21 August 2009

How to Ensure That Key Stakeholders Are Sufficiently Aware of the Project

In a recent post I outlined eight signs that are leading indicators for a project that can be expected not to reach its goals and targets in a timely manner. This post will highlight how best to deal with the sixth of these signs, a project where key stakeholders are not aware of the project.

Why is this a problem? This is a problem because input from stakeholders is required both for increasing the overall quality of the project results and for getting key recommendations implemented. Stakeholders can be defined as the people within the organization who are interested in the results of the project because they can be impacted by the conclusions and recommendations coming out of the project. Key stakeholders can include managers from specific organizational units (marketing, production, etc), but also unions (in the case of cost-reduction projects).

If the project team has not had any (or only very limited) contacts with key stakeholders it is very unlikely that all key issues that are important to these stakeholders have been included in the overall project analytics. In addition, it is even more unlikely that the stakeholders will have a positive opinion about the project and the project results as they will feel left out of the process and not listened to. As a result, it will be very difficult for the project team to carry out an optimal communication process in the end phase to create the buy-in necessary for implementation. This will mean that the end-phase is likely to be difficult and unpleasant, and that the resistance to the project conclusions will be high.

In many of my projects I find that this is one of the corrective actions that need to be carried out. The best way to do this is to plan a meeting with the project team (again). The key goal of this meeting is to discuss and agree who the key stakeholders are, and what their most important issues are. Based on this, the team develops a concrete plan to sit down with each (type of) stakeholder. In these stakeholder meetings the team should present the project (what are the key starting points, the issues that the project is dealing with, the overall goal, the key deliverables, and the approach) and what the team believes the potential interests of the stakeholder are.

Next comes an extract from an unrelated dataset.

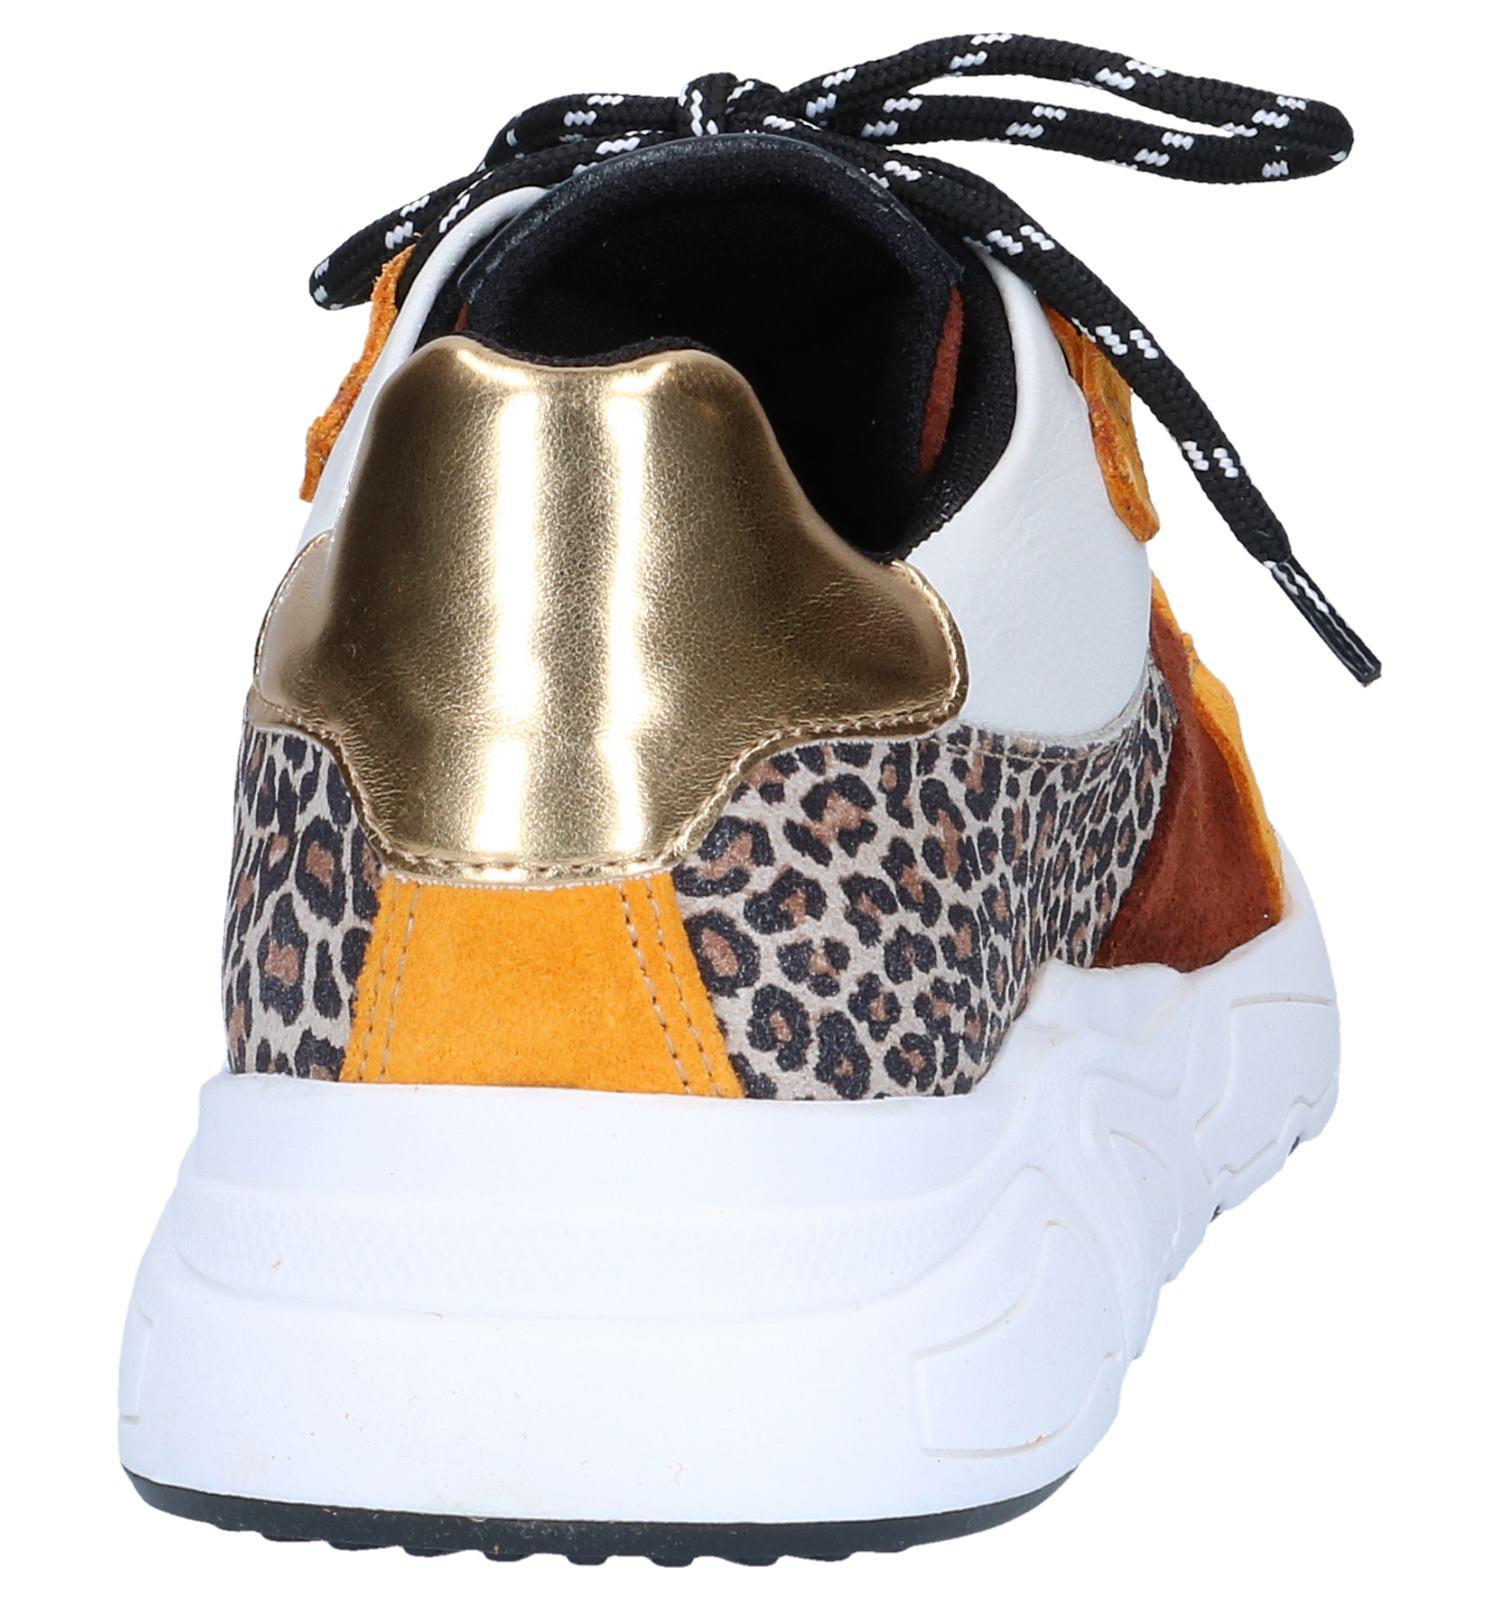 Sneakers Sneakers Poelman Multicolor Multicolor Poelman Multicolor Poelman Multicolor Sneakers Multicolor Sneakers Poelman ZkuTwOPXil

Usually, I need to explain to the team that they must listen very carefully to what the stakeholder has to say. Key points that need to be understood by the team include what the stakeholders sees as the key issues, and how they believe that these issues should be dealt with. I highlight that it is important that the project team does not make any promises (explicit or implicit) regarding how the issues will be dealt with as this will seriously compromise the ability of the team to come up with the optimal answer. Rather, the key goal is that the team knows what the viewpoints of the stakeholder are, and that the stakeholder feels that he has been listened to.

Together with the sponsor, I typically plan a new meeting with the project team after they have seen the key stakeholders. In this meeting we discuss the viewpoints presented by the stakeholders, and agree what the team needs to do in order to ensure that these issues are dealt with in an optimal manner. In addition, an ongoing set of meetings is planned with key stakeholders. The emphasis of these meetings will gradually change from getting information to presenting and testing key hypotheses and possible conclusions and recommendations.